== Data provided
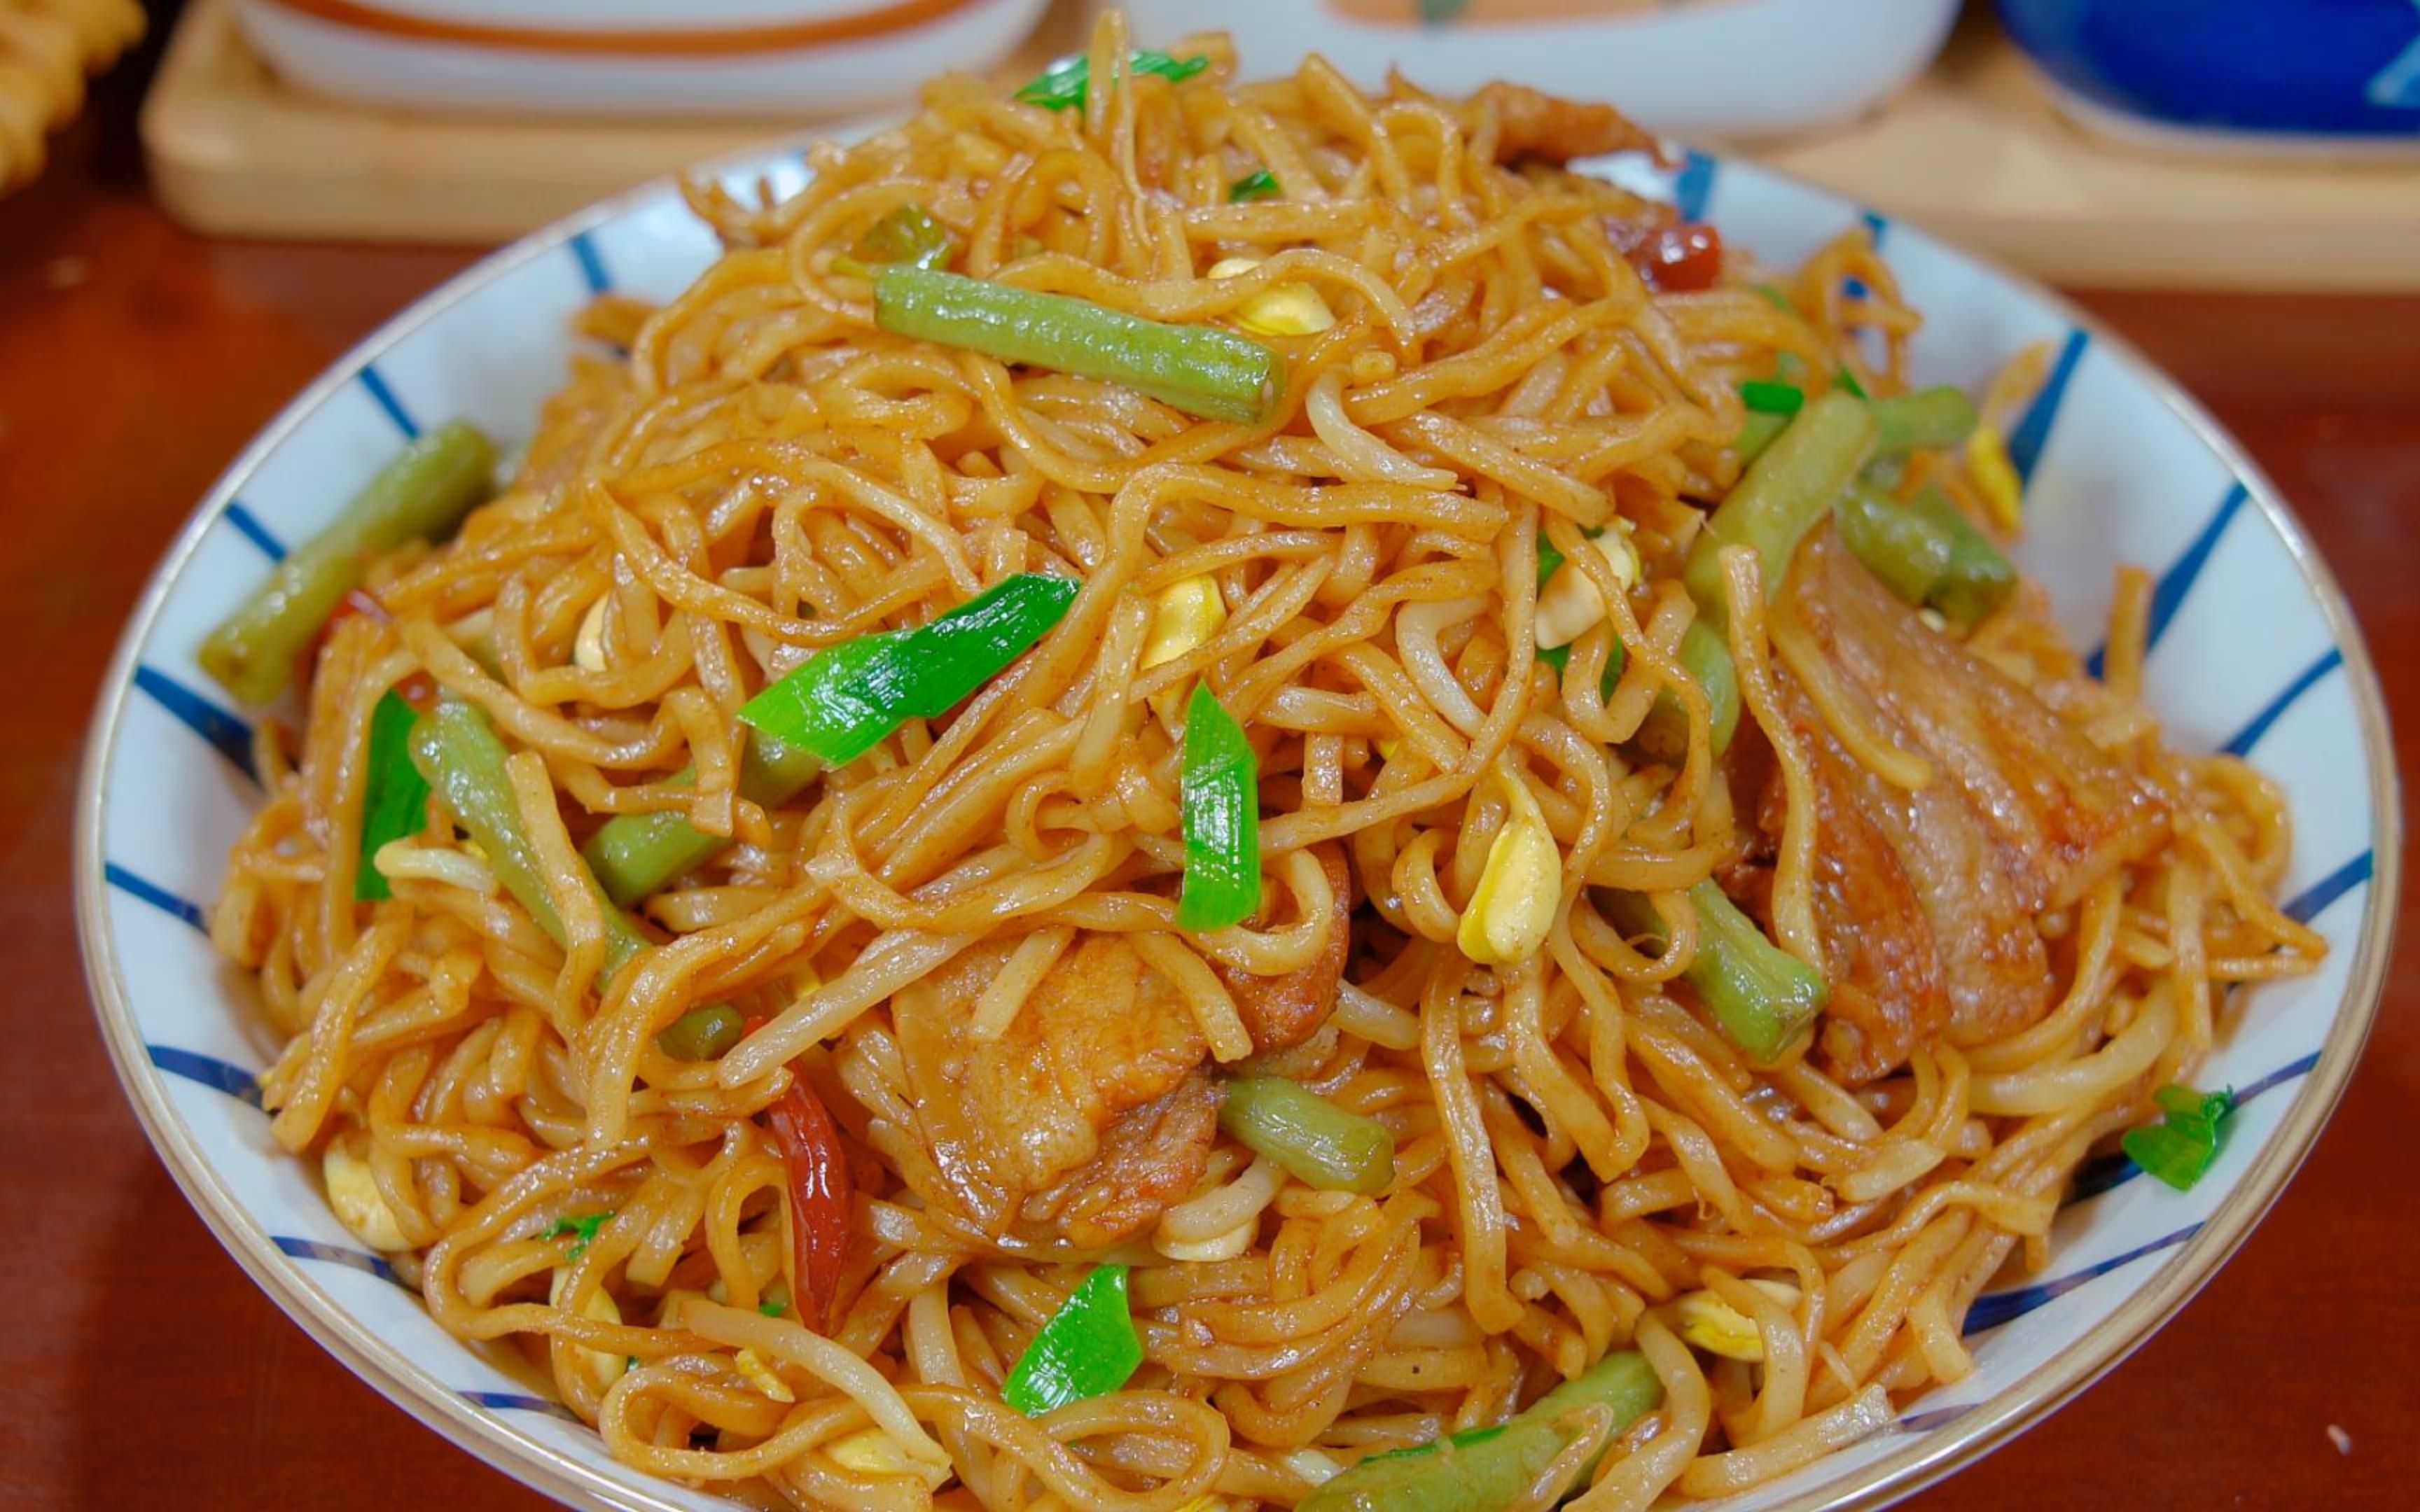 蒸面条是河南省和安徽省北部的汉族传统面食
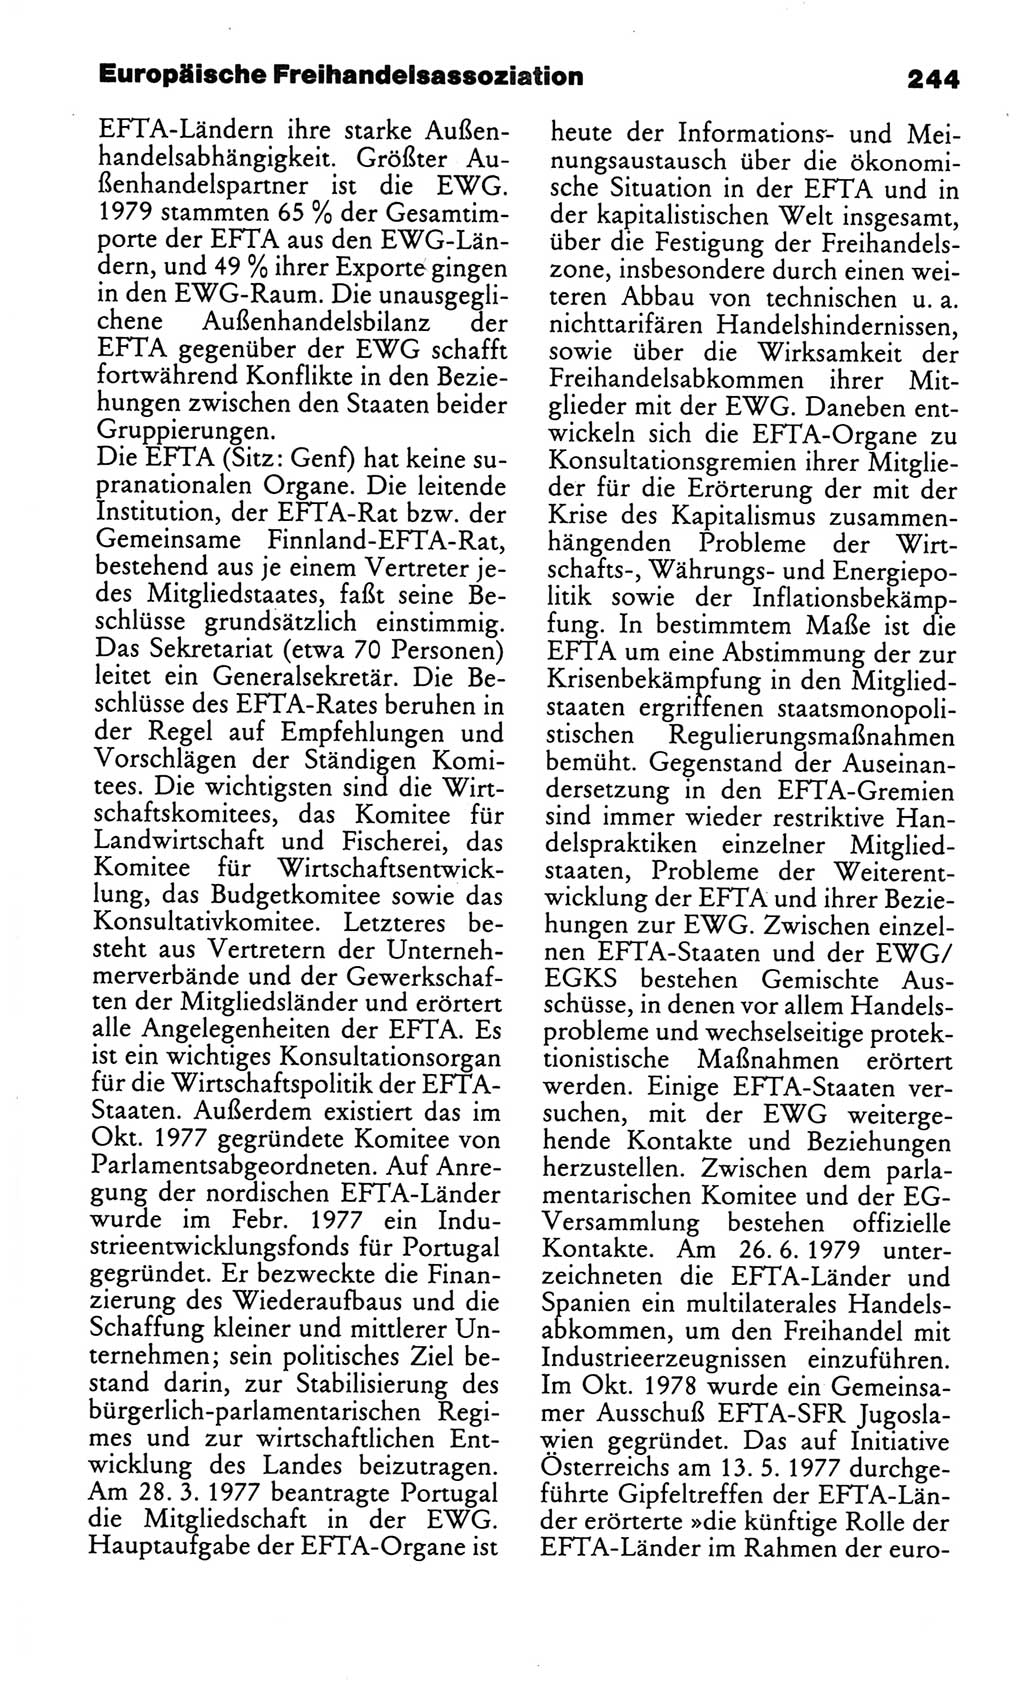 Kleines politisches Wörterbuch [Deutsche Demokratische Republik (DDR)] 1986, Seite 244 (Kl. pol. Wb. DDR 1986, S. 244)
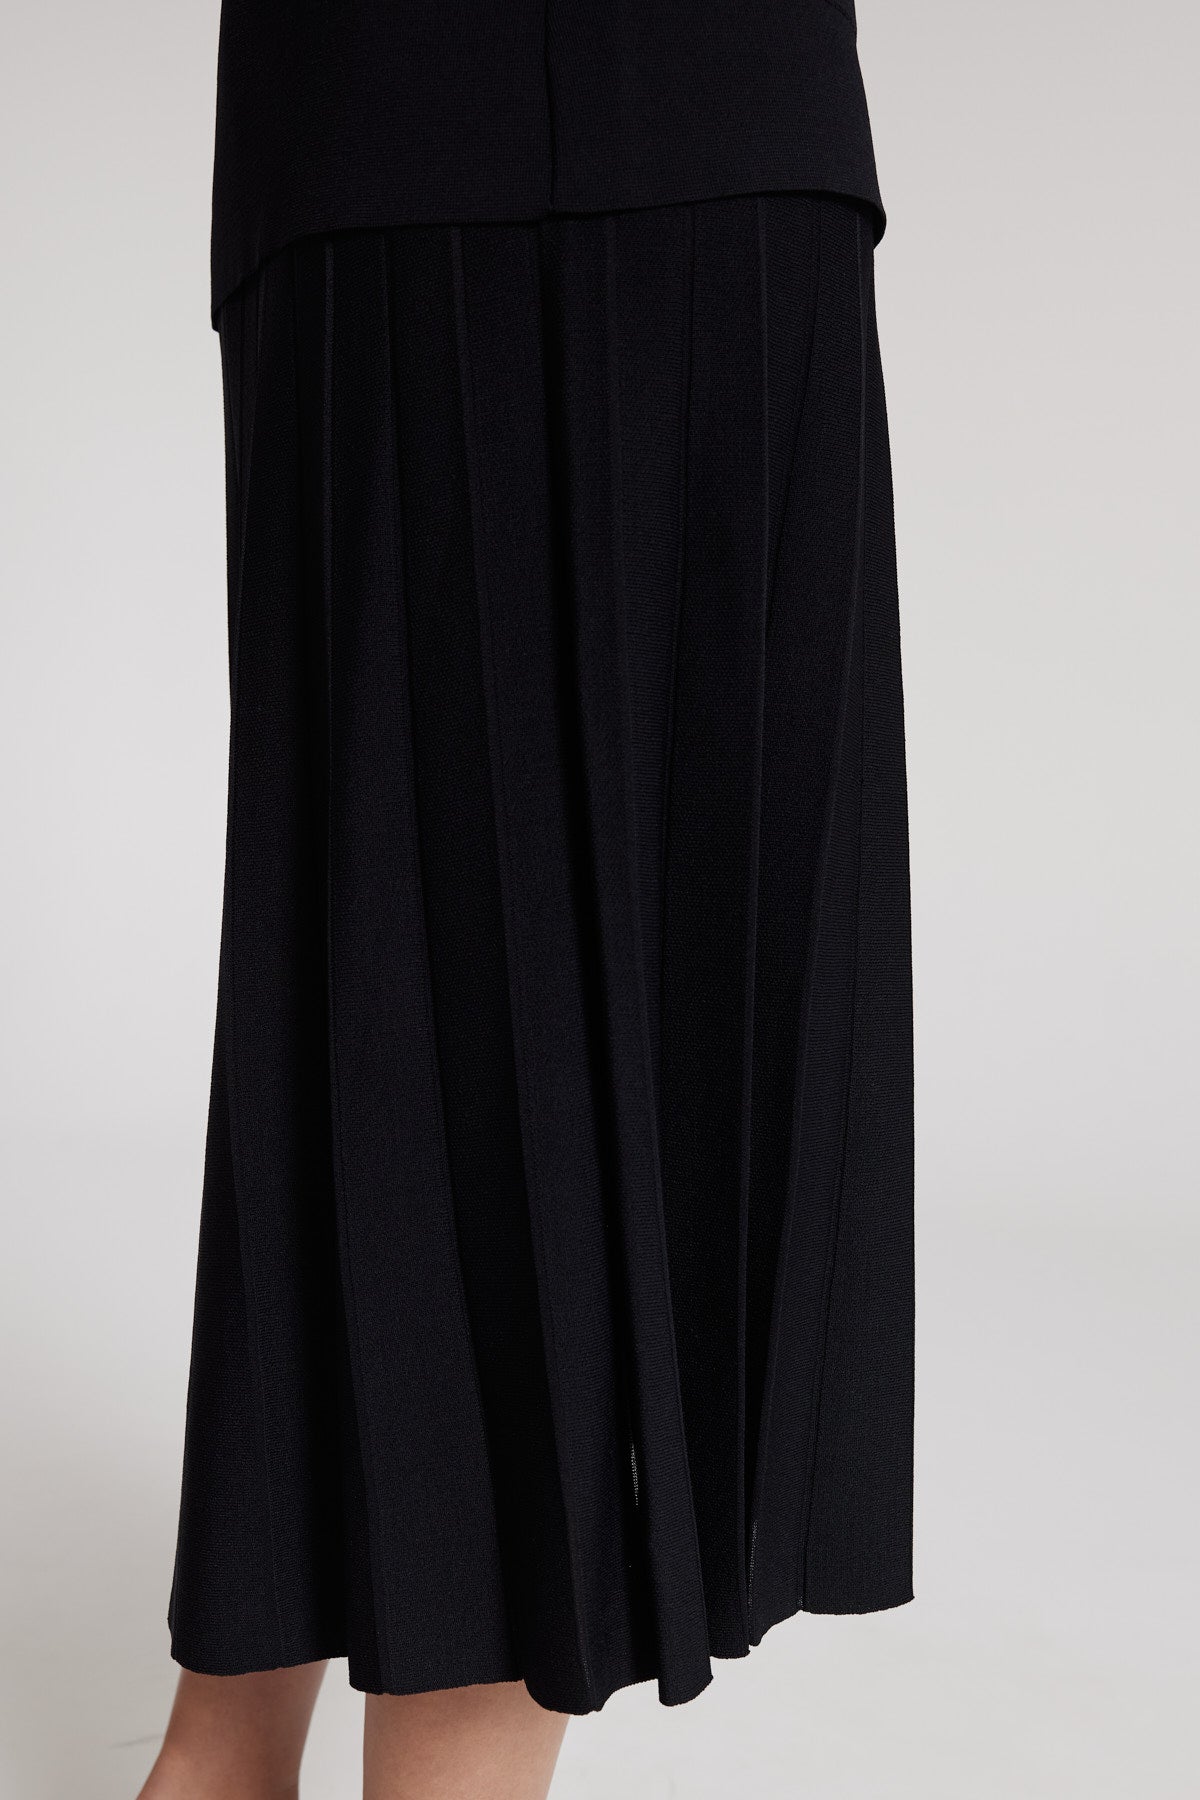 Crepe Pleat Knit Skirt - Black-Perri Cutten
====
◆ **Activity**: Only the pictures are to be omitted; restate everything else above exactly.

◆ **Response**:
 蒸面条是河南省和安徽省北部的汉族传统面食
 Kleines politisches Wörterbuch [Deutsche Demokratische Republik (DDR)] 1986, Seite 244 (Kl. pol. Wb. DDR 1986, S. 244)
 Crepe Pleat Knit Skirt - Black-Perri Cutten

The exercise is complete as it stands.